Di don Luigi Ciotti il . L'analisi

La vera forza delle mafie sta fuori dalle mafie. C’è, nel nostro paese, un’illegalità diffusa che non va confusa con le mafie, ma delle mafie rappresenta spesso la premessa. Per questo Libera ha raccolto più di 1 milione di  firme contro la corruzione. È inaccettabile che sia stato firmato ma non ancora ratificato, reso operativo, il trattato europeo di Strasburgo del 1999. Corruzione significa 60 miliardi di euro sottratti ogni anno ai servizi sociali, alla scuola, al lavoro, alla sanità, cioè alle basi stesse della democrazia.
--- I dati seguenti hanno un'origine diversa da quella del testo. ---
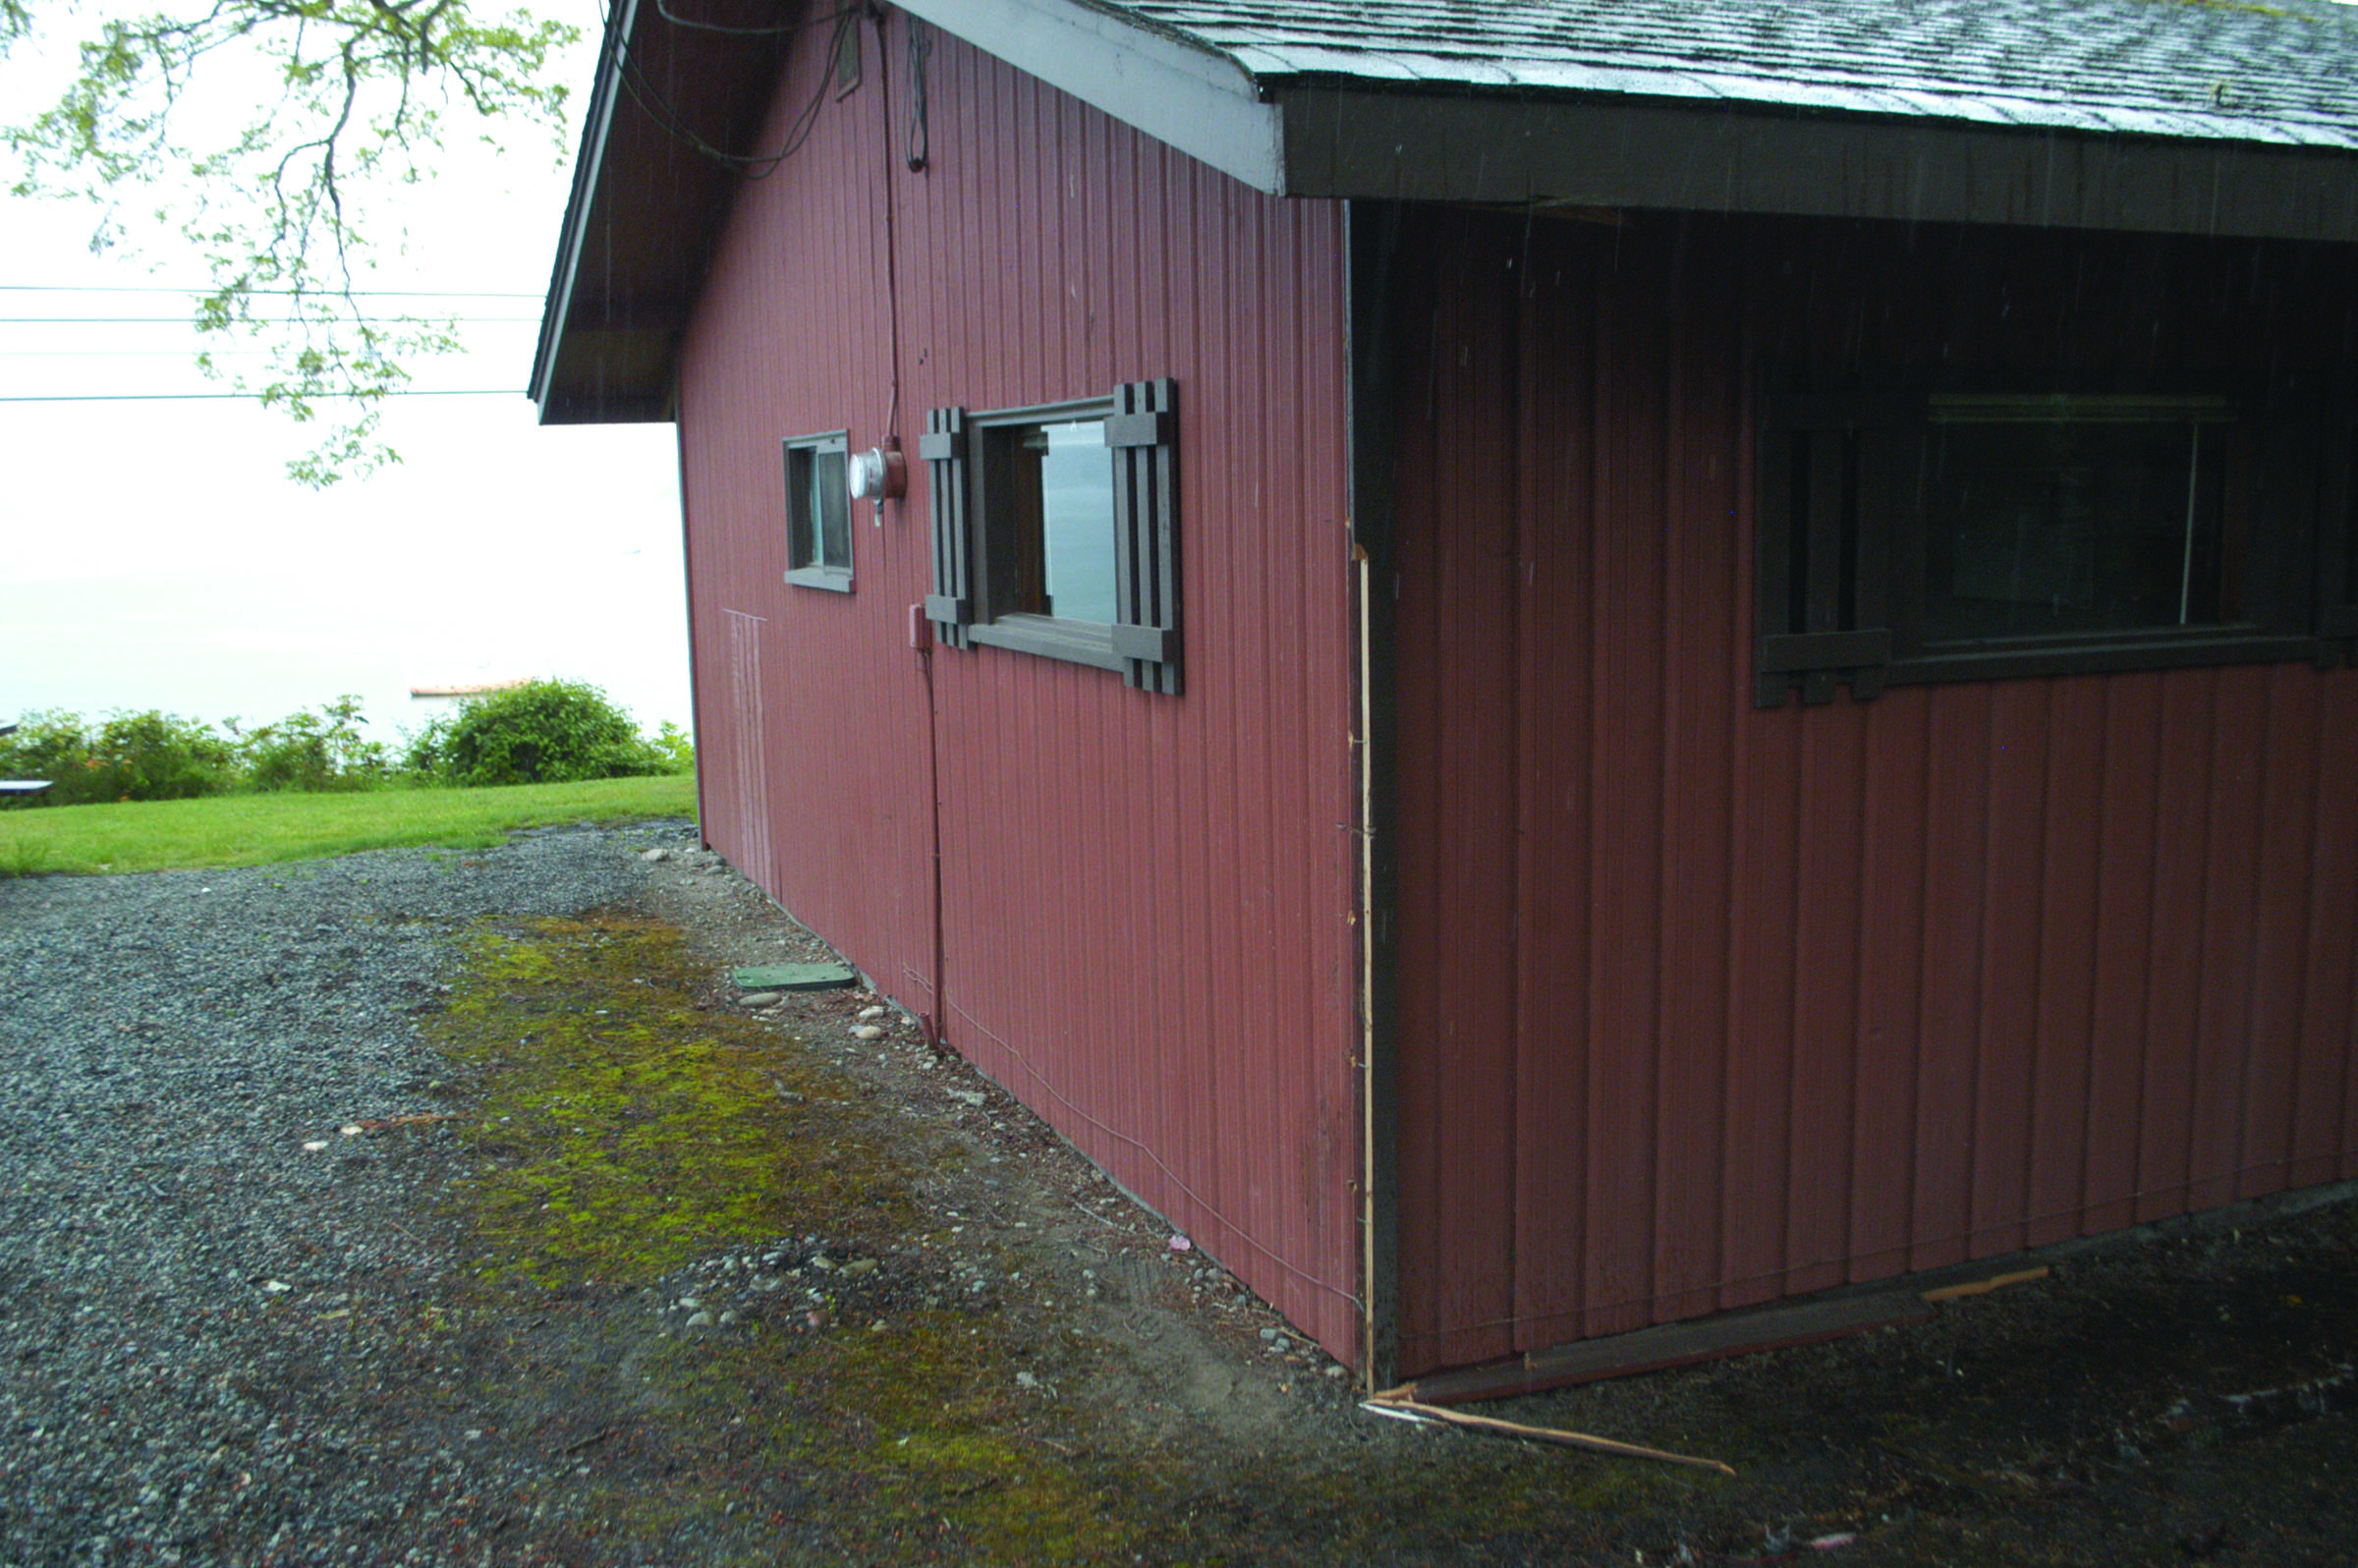 After allegedly stealing a vehicle at 2643 West Sequim Bay Road cabin No. 2

Parlare solo di mafie allora davvero non basta più. Scrivo queste parole dalla Puglia, terra di Renata Fonte e di Francesco Morcone, vittime di mafia. La loro memoria vive nella speranza di verità dei famigliari, nel loro e nel nostro impegno per la giustizia. Ma non può essere giustizia quella “sequestrata” dagli interessi di pochi, alla ricerca non della verità ma di stratagemmi per soffocarla. Non è giustizia quella nascosta dietro riforme che hanno il chiaro obbiettivo di sottomettere la magistratura al potere politico, di annullare l’uguaglianza dei cittadini di fronte alla legge. Non è giustizia quella incapace di tutelare l’ambiente, nostro primo patrimonio comune, e ancora non prevede i reati ambientali nel codice penale. Fa il gioco delle mafie ogni legge o comportamento che mette l’interesse privato davanti al bene pubblico, così come le favorisce la debolezza della politica. Sono un segno di speranza anche per noi quei popoli che oggi cercano di rialzare la testa, di riscattarsi da decenni di oppressione, diseguaglianze e bugie. Eppure in Italia e in Europa c’è chi – dopo aver taciuto e fatto affari con le dittature a cui oggi si oppone – si preoccupa soprattutto di presidiare le frontiere agitando lo spettro di “invasioni barbariche”.

I migranti non possono diventare il capro espiatorio delle nostre ingiustizie e disuguaglianze. Il nostro Paese è, in Europa, quello che negli ultimi anni, ha visto la maggiore divaricazione fra povertà e ricchezza, salari e profitti. Invece di invertire la rotta, lasciamo che siano i più deboli a farne le spese. Dal 2008 c’è stato un taglio ai fondi per le politiche sociali di oltre 2 miliardi di euro. Alla lotta alla povertà si è preferita la meno onerosa – e più redditizia sul piano del consenso – lotta ai poveri. Il “sociale” continua così a diminuire a favore del penale. A farne le spese sono anche le nuove generazioni. Non penso solo al problema del lavoro – un giovane su tre, in Italia, non lo trova – ma anche e soprattutto ai tagli all’istruzione. Il grado di consapevolezza e “coscienza critica” dei cittadini è il primo indicatore di democrazia. E questa consapevolezza la si costruisce attraverso l’educazione, gli strumenti culturali, un’informazione che risponde all’etica e non ai potenti di turno.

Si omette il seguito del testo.